I just looked at her, her words meaning nothing. I was too tired to express, or to realize, even, that I had no idea if she meant she was taking me with them to this “House of Falcon,” and if not, where I could, or should, go. I was adrift, a raft not on a river but on a sea.
It was then that on the far bank of the river, barely discernible in the shadows between two willow trees, I saw a figure.
The two of them, following my eyes, saw him too.
“Is that an elf?” Dirk cried, “Yes! It is! A real Forest Elf! Wow! Vonnae, a Forest Person, they’re real!”
“Romulus,” I said, and as I said it, he raised his hand, the way humans do, the way Vonnae had acknowledged the Leopards, “He’s my friend.” Vonnae received that statement with a slight widening of her green, but said nothing, just filed it away with the other puzzling things she’d seen that afternoon.
Dirk raised his hand in reply, mirroring Romulus’ gesture, as did I, and Romulus melted into the forest. Dirk smiled to himself; he seemed deeply satisfied. This was the first contact, minimal though it was, between the two of them, whose adventures together were to span the world.
Vonnae asked me, “You want to come? To the House of Falcon, I mean.”
I may have asked Mind to show me House of Falcon; or memories, as Mind would call them, of my life there may have come to me unbidden; but in a few seconds, I glimpsed what was to come.
I saw myself on Vonnae’s shoulders as she carried me through the woods, teaching me the names of trees and flowers; I saw her spreading ointment on my legs, I saw her reading to me, and the two of us eating together, sometimes with others; I saw her preparing my food, washing my clothes, I saw myself asleep, cradled in her loving arms, and I saw in her eyes the imbhyran that is said to hold civilization from chaos, and I knew from where it came, from mother to son, tonokna to innikno.

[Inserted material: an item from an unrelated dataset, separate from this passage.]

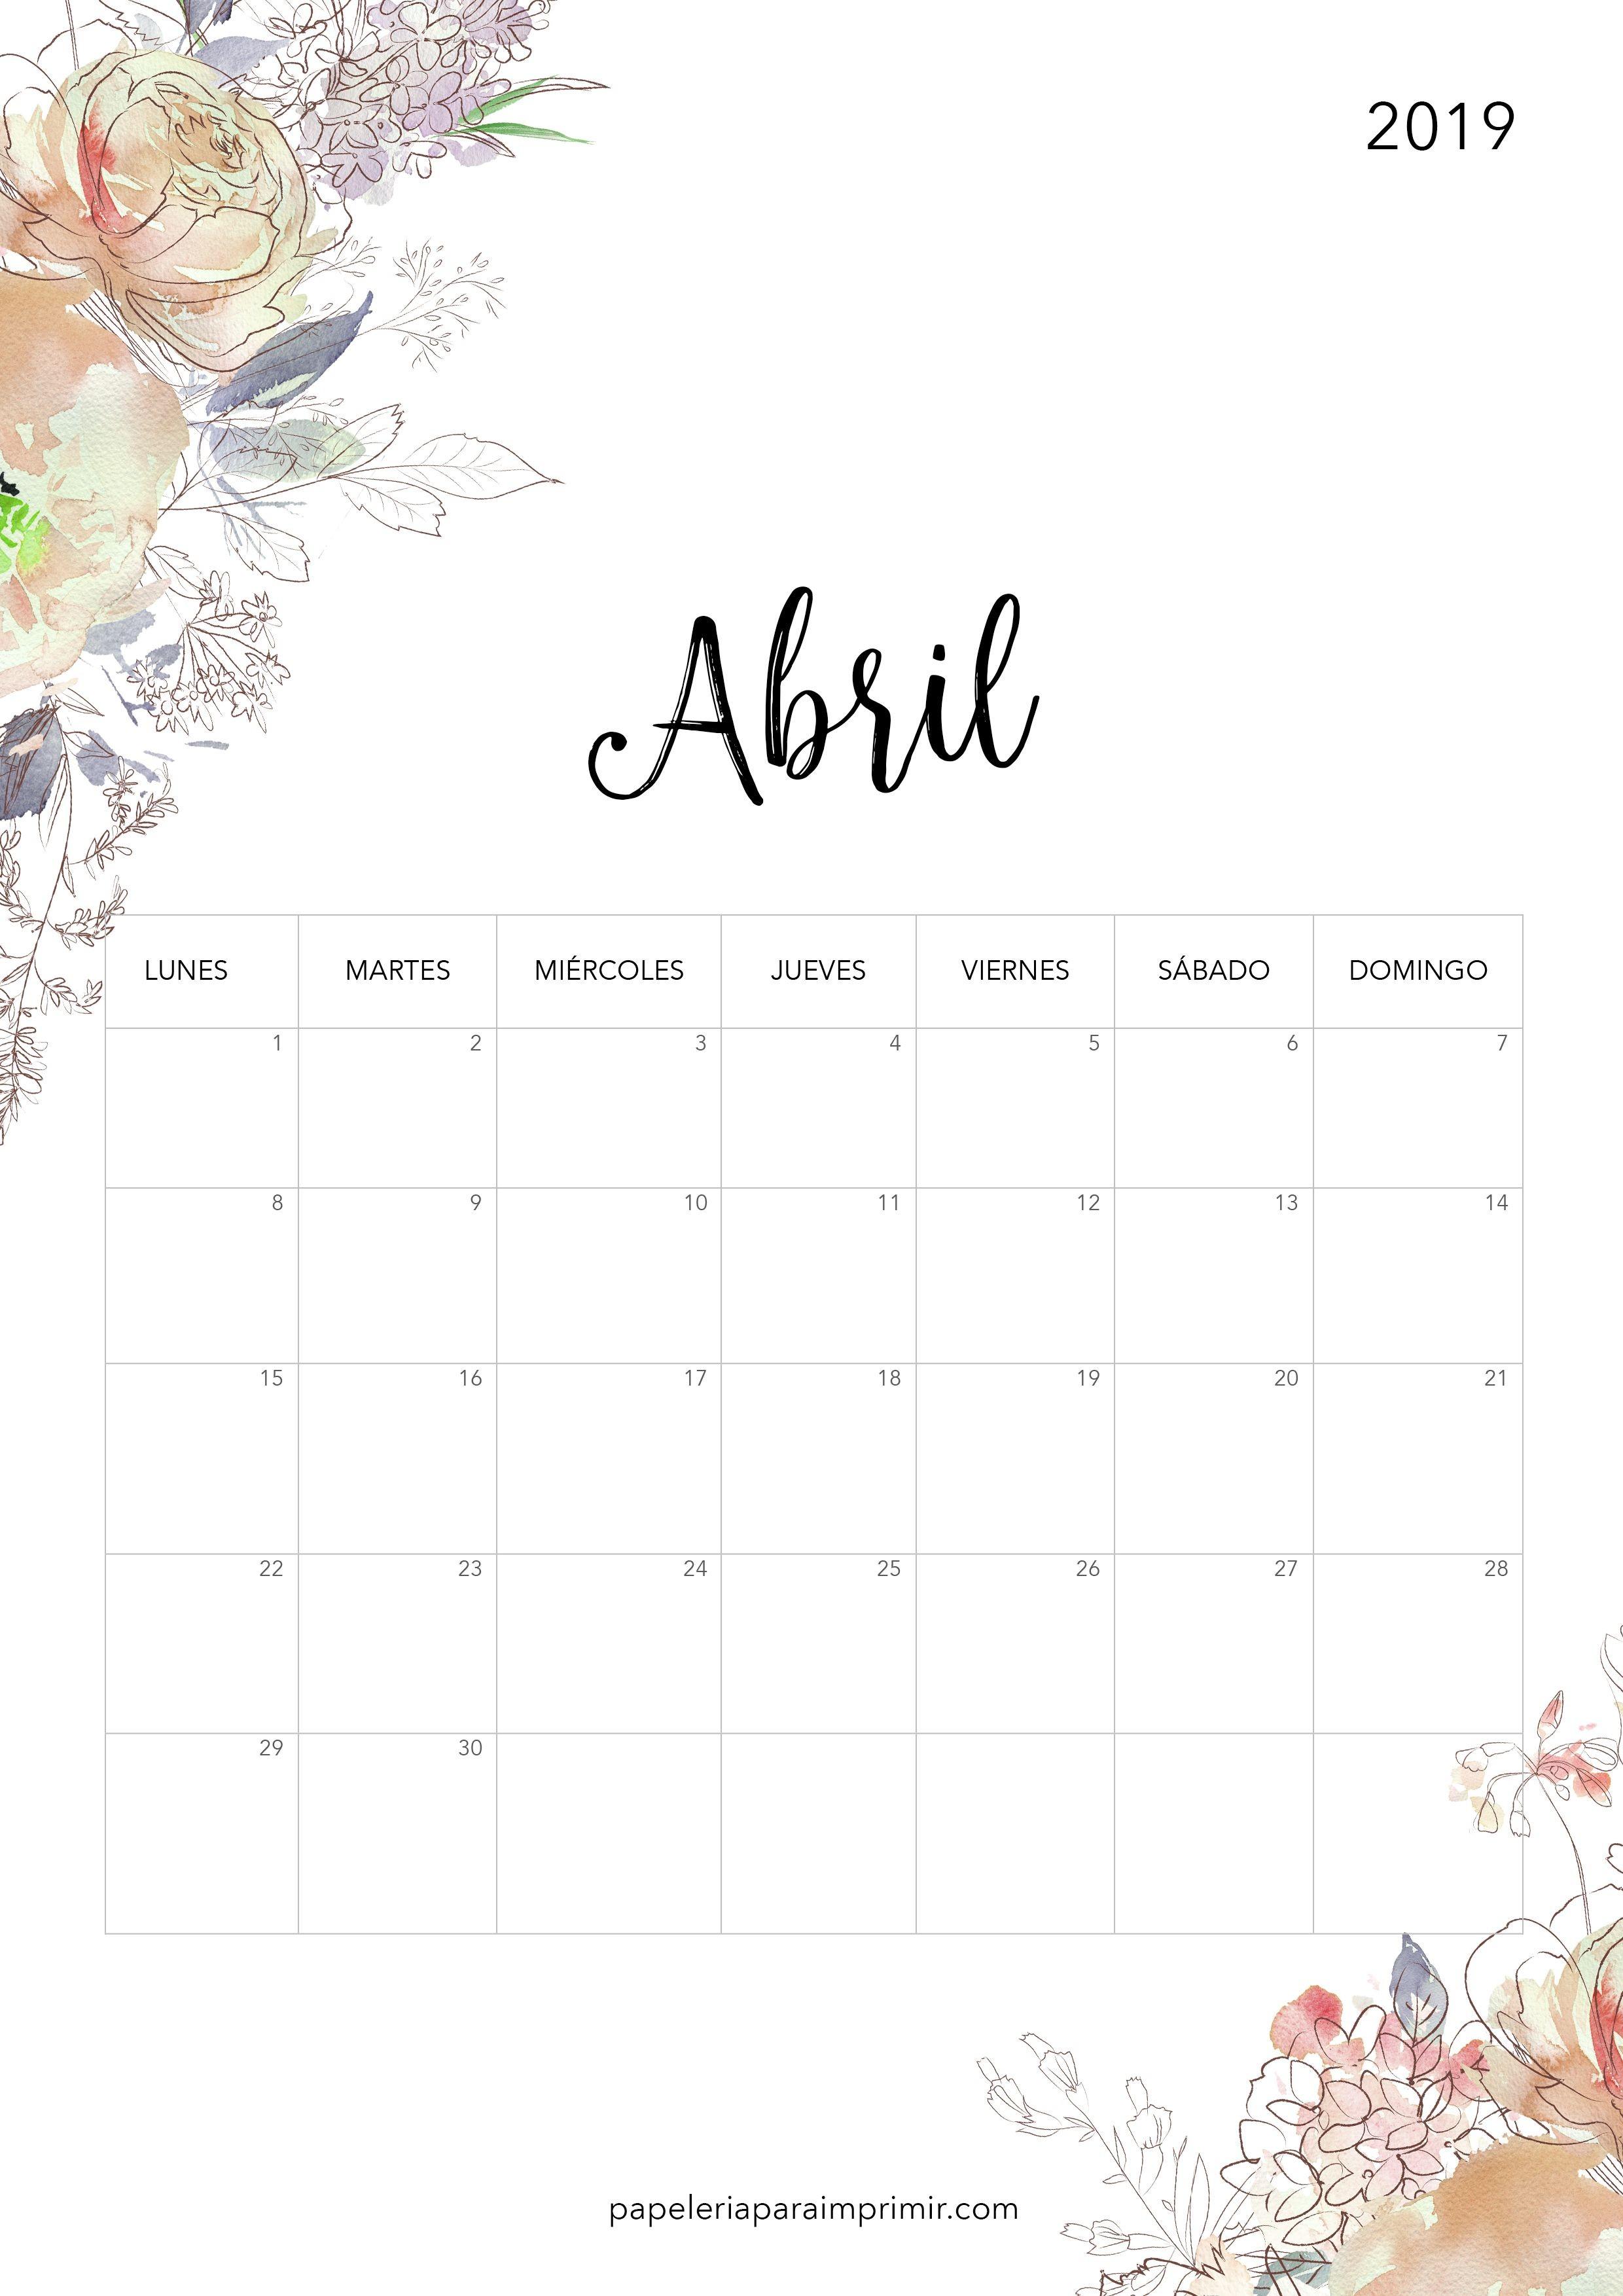 Imprimir Calendario Tumblr Mejores Y Más Novedosos Calendario Para Imprimir 2019 Abril Calendario Imprimir Of Imprimir Calendario Tumblr Más Populares Crea Calendarios Personalizados Online Gratis Con Canva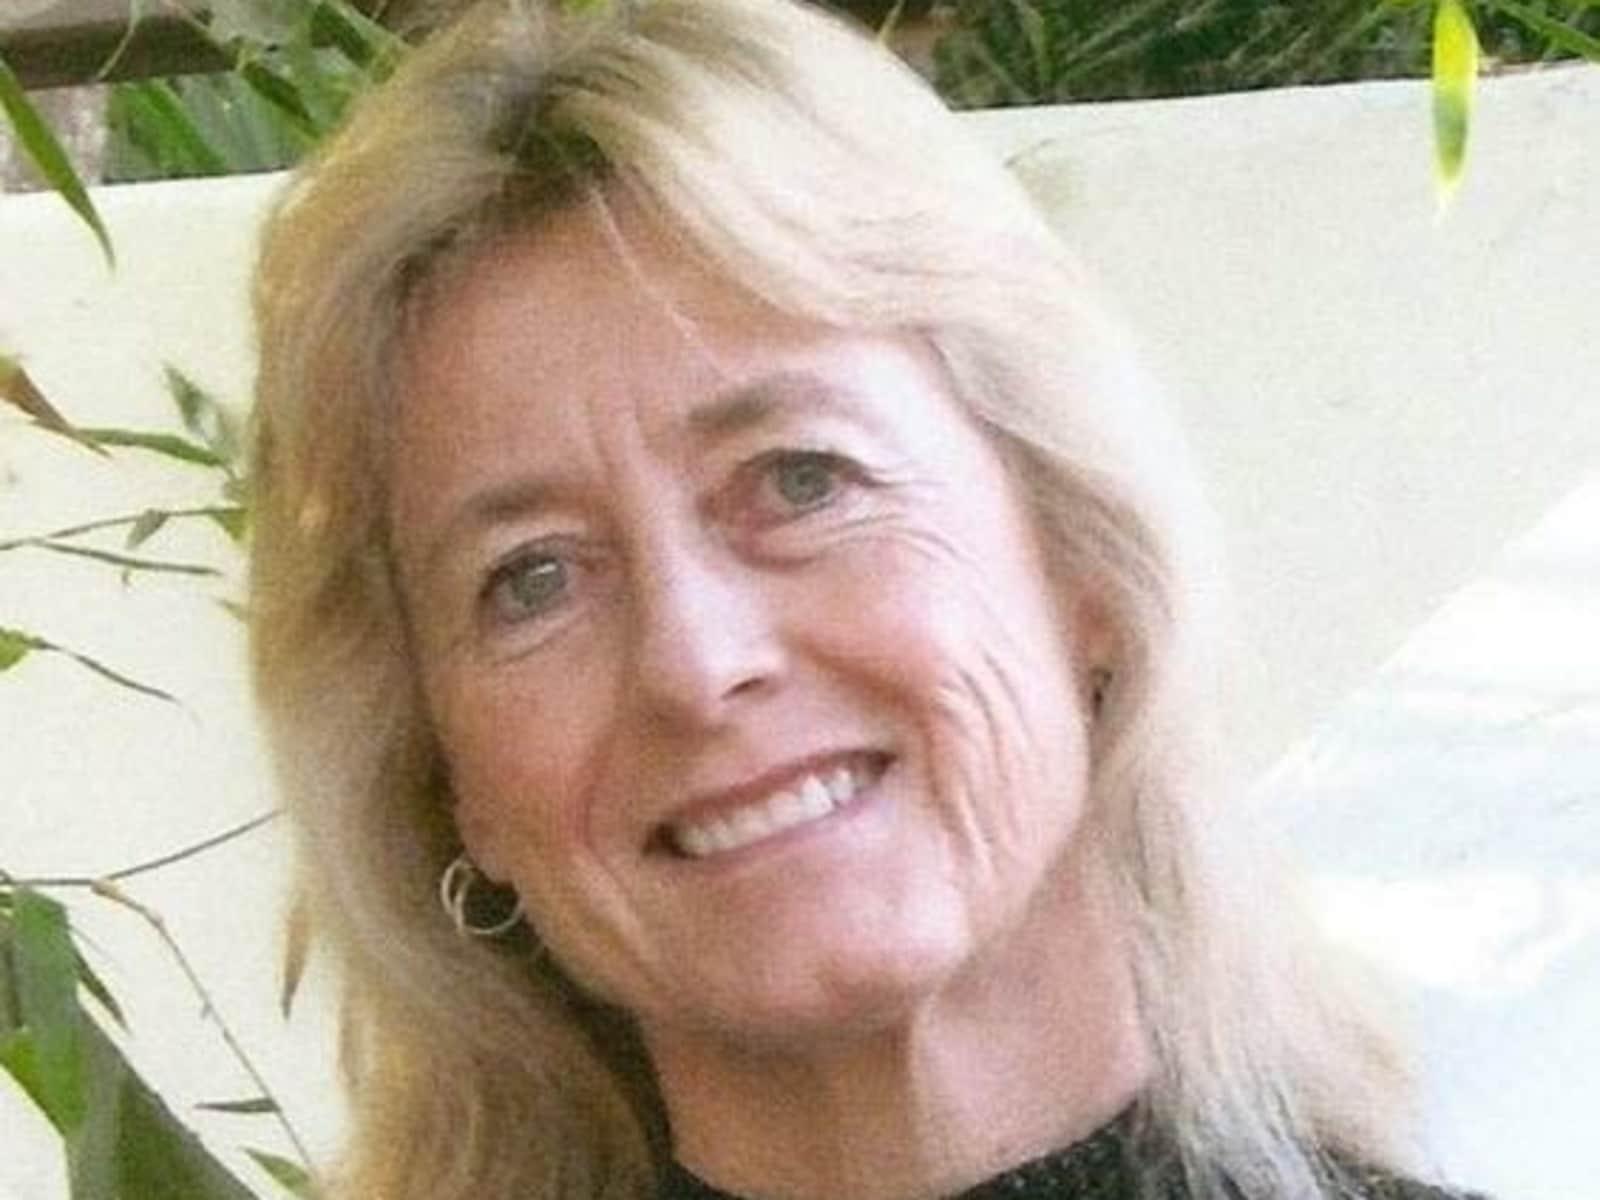 Jill from Shelton, Washington, United States

I saw myself with Dirk, my neighbor at House of Dog, romping across field and forest and stream; and I saw him sharing with me the secret places he’d found or made, explaining to me what he’d discovered or was discovering about the world.
I saw myself, then, touching the big belly of a small woman with a pale, freckled face, and she saying to me, “Her name is Yaan,” and as she said the name and I felt a kick, the light of the fabled Summerlands that lie beyond the northern mountains surging through me.
And then I saw those northern mountains looming before me, the great white abyss that I would cross alone.
“You want to come?” Vonnae asked me as we floated up that evening river, and I may have nodded. I may have just looked at her. But, if she can say that she said “You’re beautiful,” when she pulled me from the river, then I can say that when I saw House of Falcon and the Norgold Mountains at the end of the bright road, I said, “Bring me home.”